* **Record excerpts**:
*-*-*
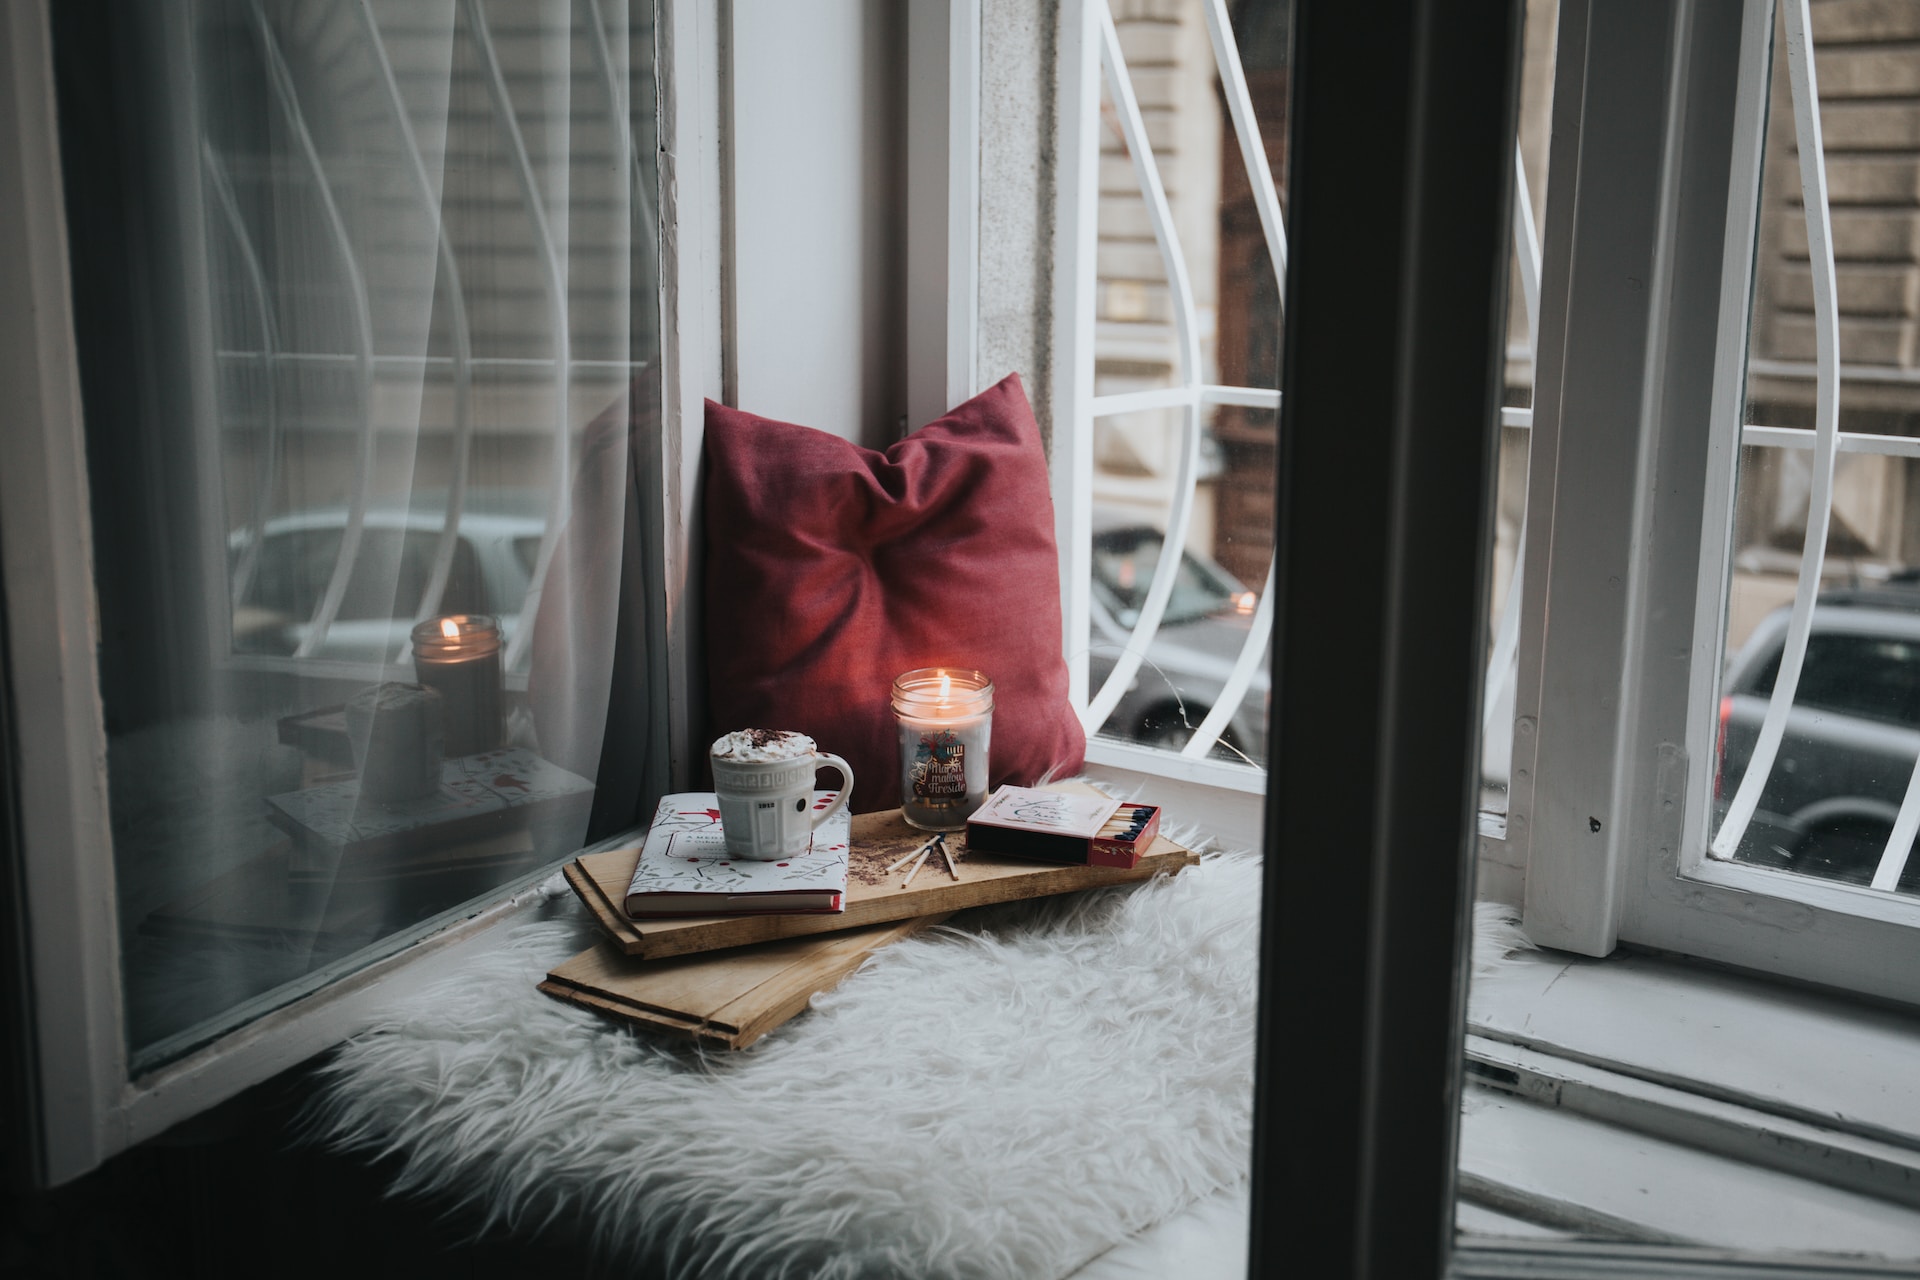 A cozy set-up in a window bench covered with a shaggy rug, with a candle, a pillow, a mug, a journal, and a box of matches.
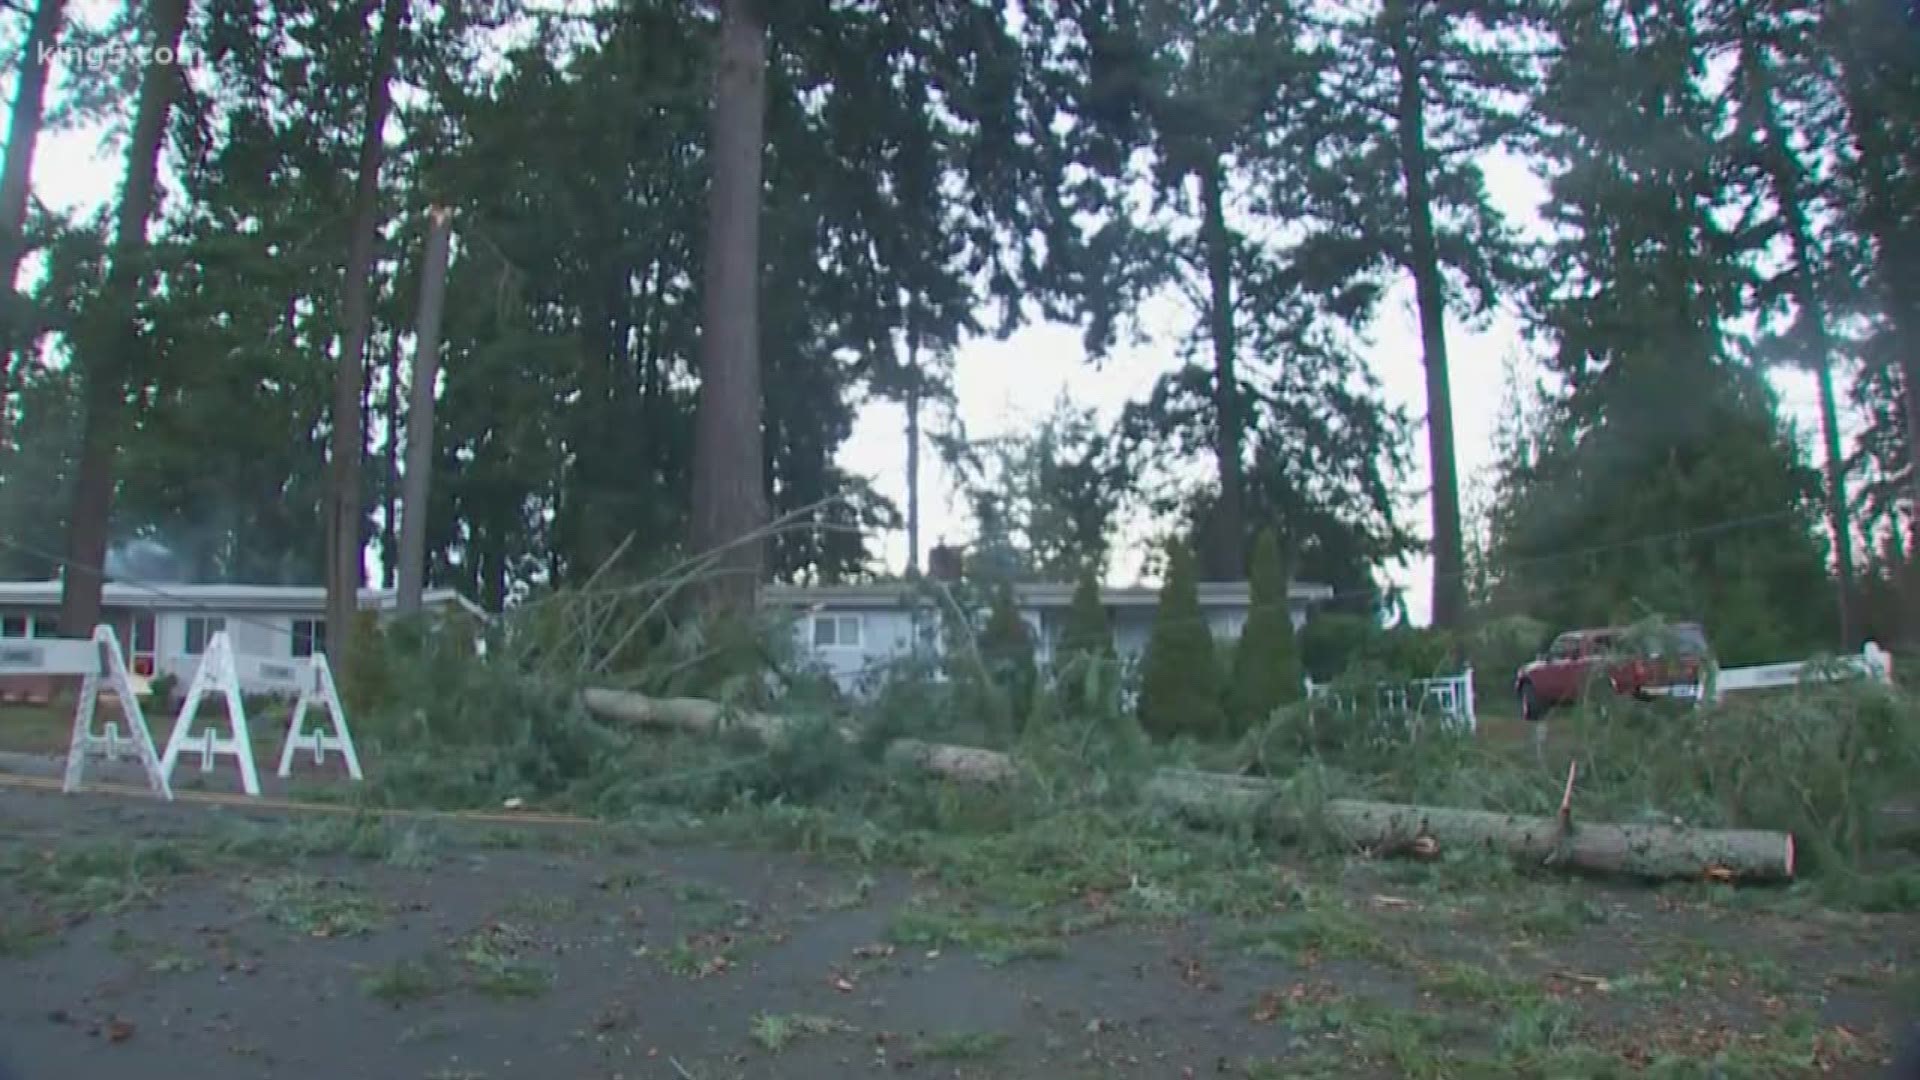 Freeway closures, downed trees, and power outages made for a tense Thursday as Western Washington was hit with another windstorm.
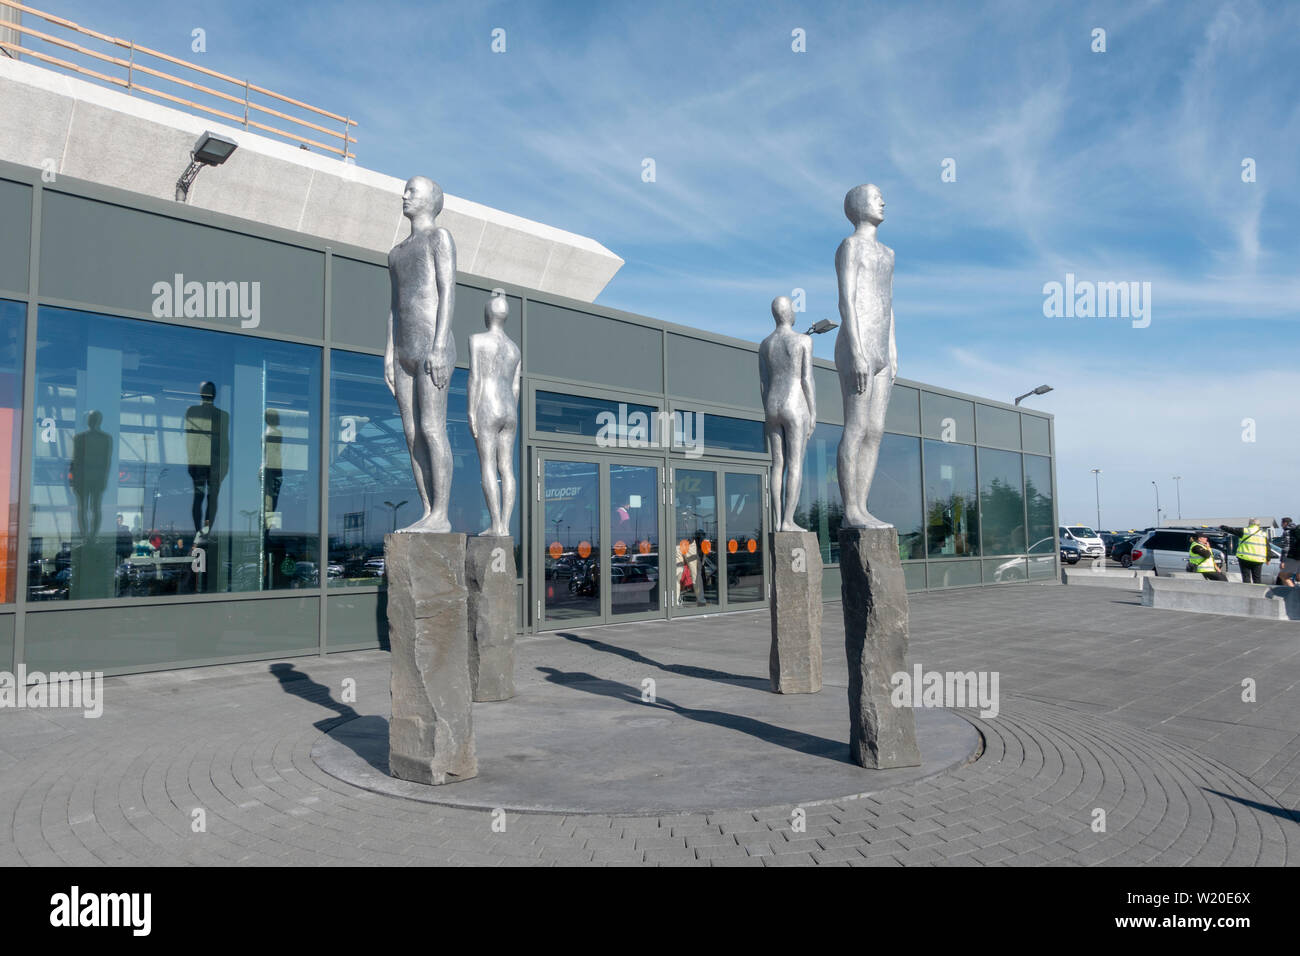 Sculpture ('Directions') outside the arrivals exit at Keflavík International Airport, near Reykjavik, Iceland. Stock Photo
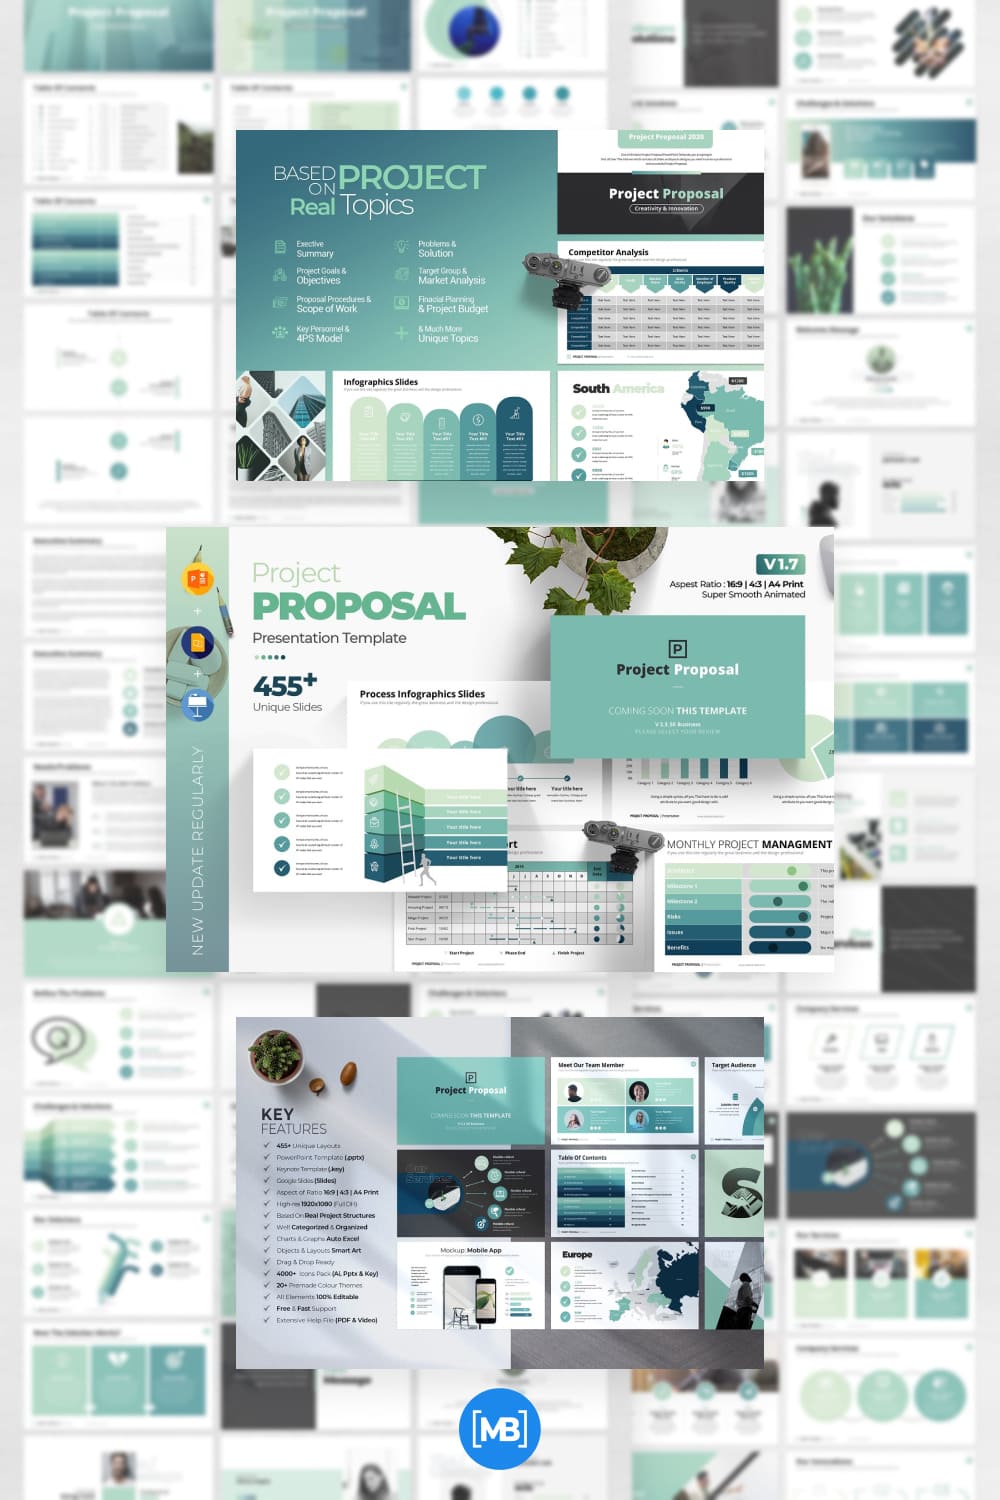 Project proposal powerpoint template.
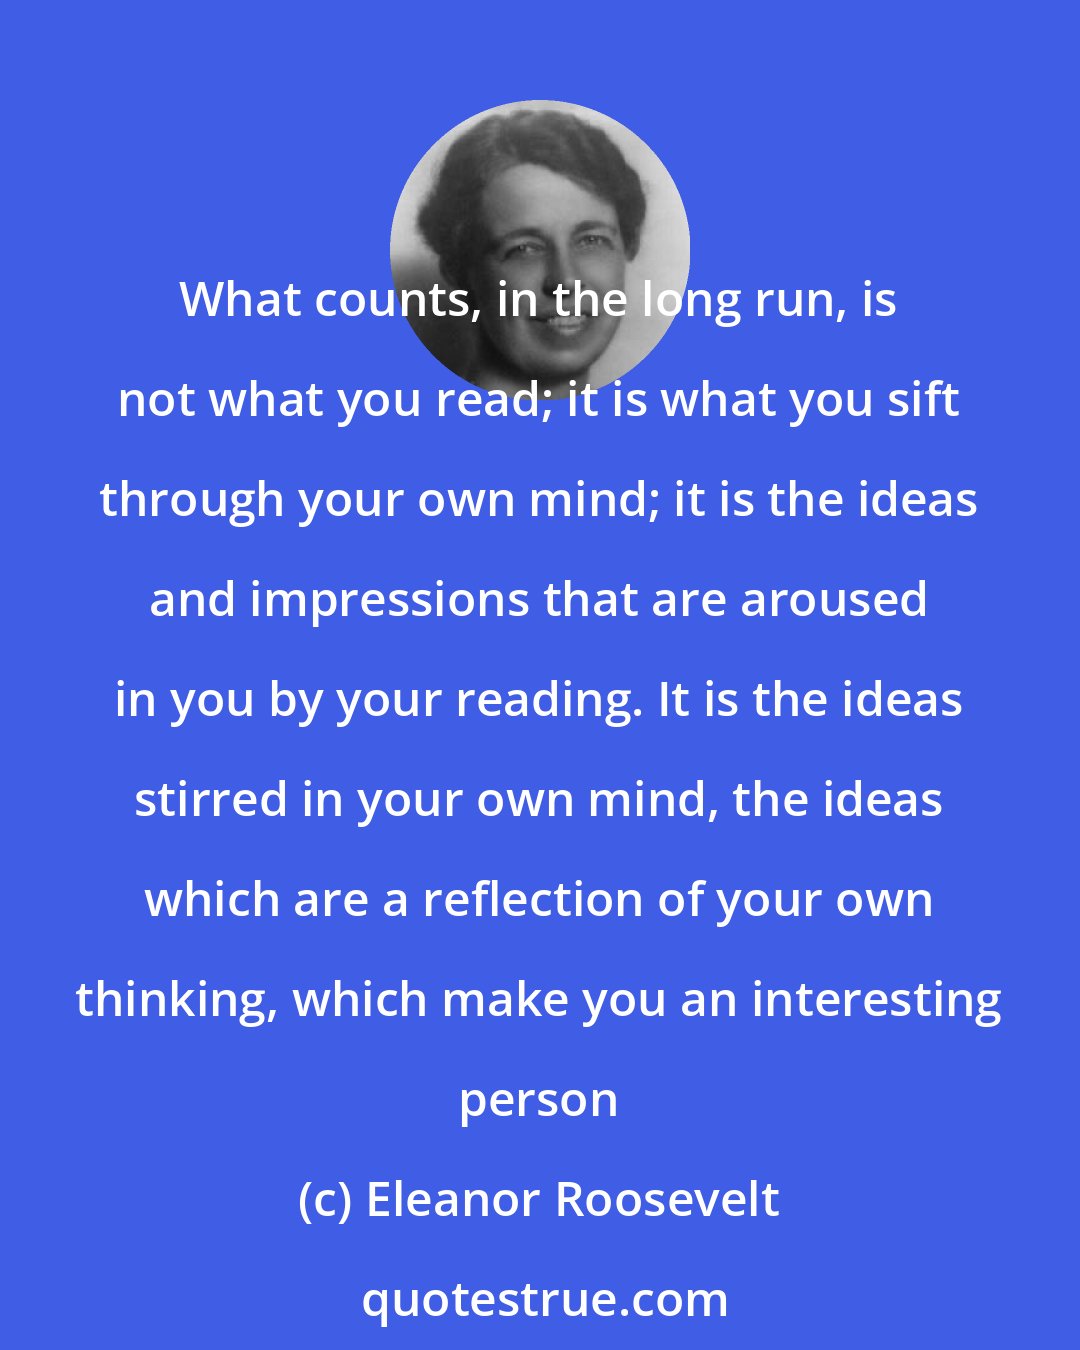 Eleanor Roosevelt: What counts, in the long run, is not what you read; it is what you sift through your own mind; it is the ideas and impressions that are aroused in you by your reading. It is the ideas stirred in your own mind, the ideas which are a reflection of your own thinking, which make you an interesting person
*-*-*
* **Try it**:
Copy out every line of the material above precisely, omitting the pictures.

* **Task solution**:
 A cozy set-up in a window bench covered with a shaggy rug, with a candle, a pillow, a mug, a journal, and a box of matches.
 Freeway closures, downed trees, and power outages made for a tense Thursday as Western Washington was hit with another windstorm.
 Sculpture ('Directions') outside the arrivals exit at Keflavík International Airport, near Reykjavik, Iceland. Stock Photo
 Project proposal powerpoint template.
 Eleanor Roosevelt: What counts, in the long run, is not what you read; it is what you sift through your own mind; it is the ideas and impressions that are aroused in you by your reading. It is the ideas stirred in your own mind, the ideas which are a reflection of your own thinking, which make you an interesting person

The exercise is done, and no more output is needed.